• **WHAT TO WORK ON**:
Return only the lines of the listing below that run from the line with "Insitu at the Malvern Autumn Show" through the line with "Risky moment near", both ends included, exactly as written.

• **DATA PROVIDED**:
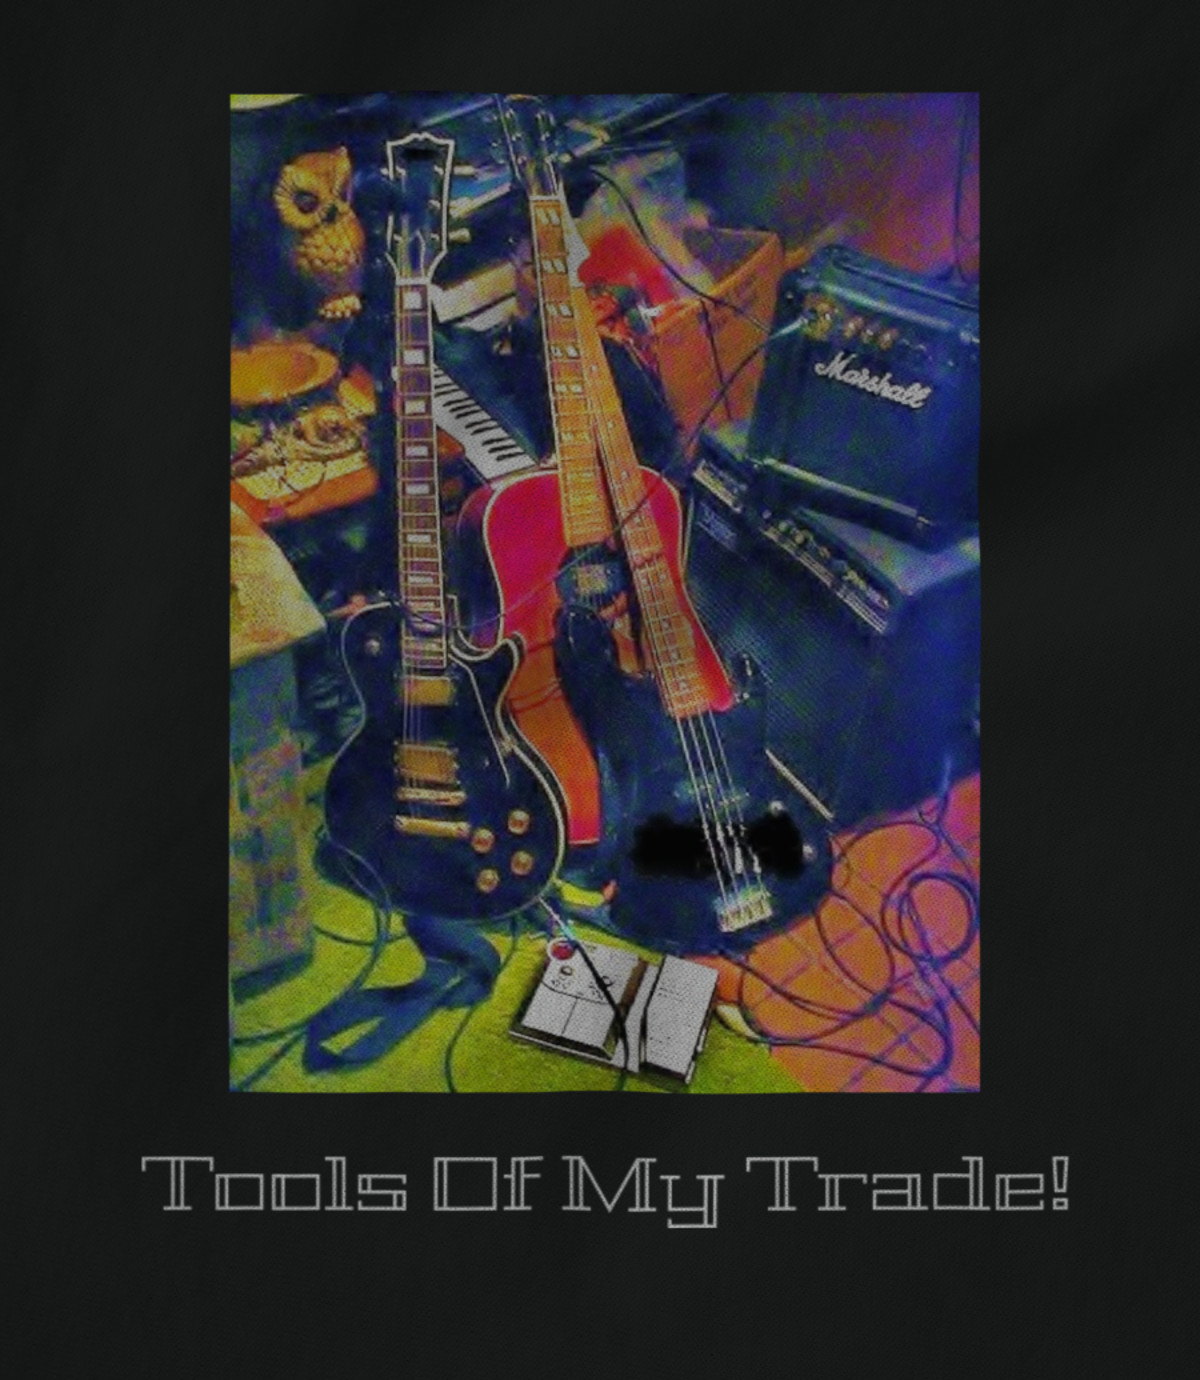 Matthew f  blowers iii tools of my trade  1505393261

---

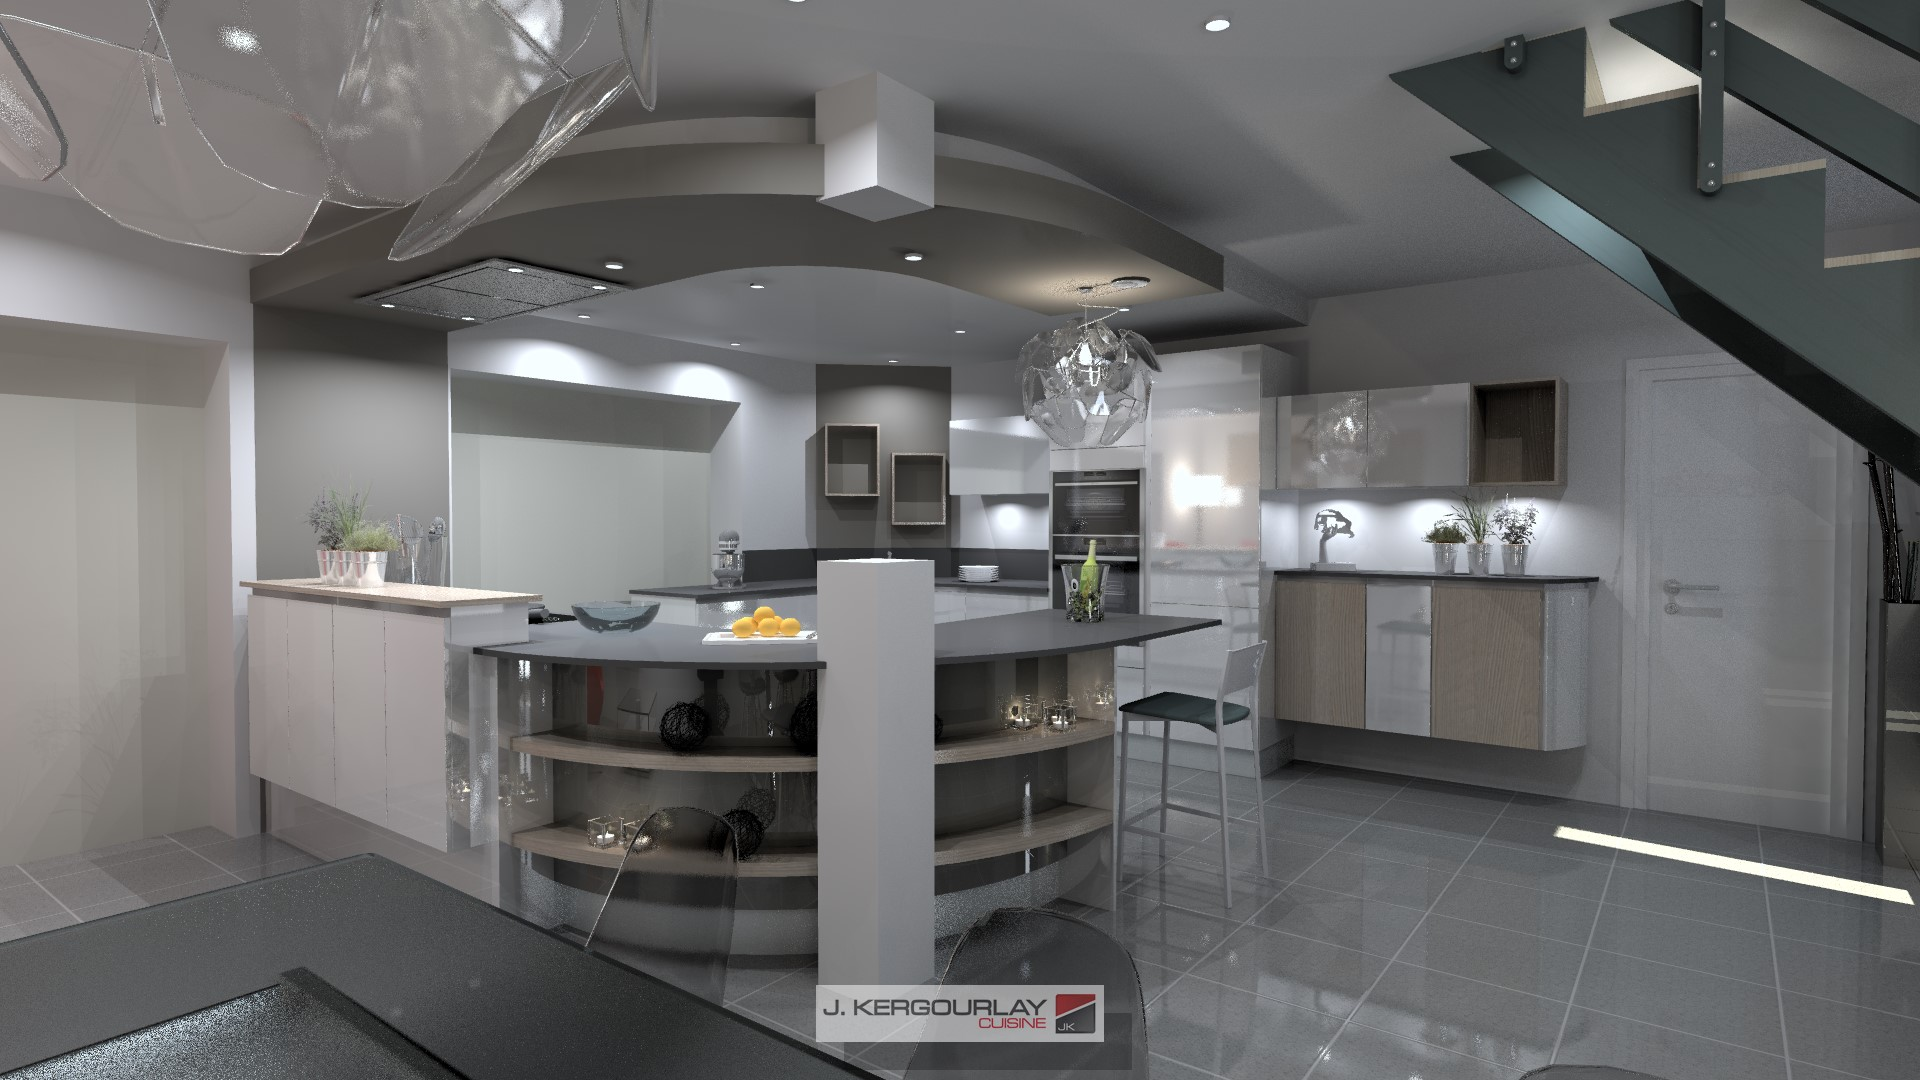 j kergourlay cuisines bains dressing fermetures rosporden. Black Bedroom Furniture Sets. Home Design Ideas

...

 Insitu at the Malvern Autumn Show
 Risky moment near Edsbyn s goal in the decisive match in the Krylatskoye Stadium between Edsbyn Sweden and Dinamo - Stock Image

• **EXPECTED ANSWER**:
 Insitu at the Malvern Autumn Show
 Risky moment near Edsbyn s goal in the decisive match in the Krylatskoye Stadium between Edsbyn Sweden and Dinamo - Stock Image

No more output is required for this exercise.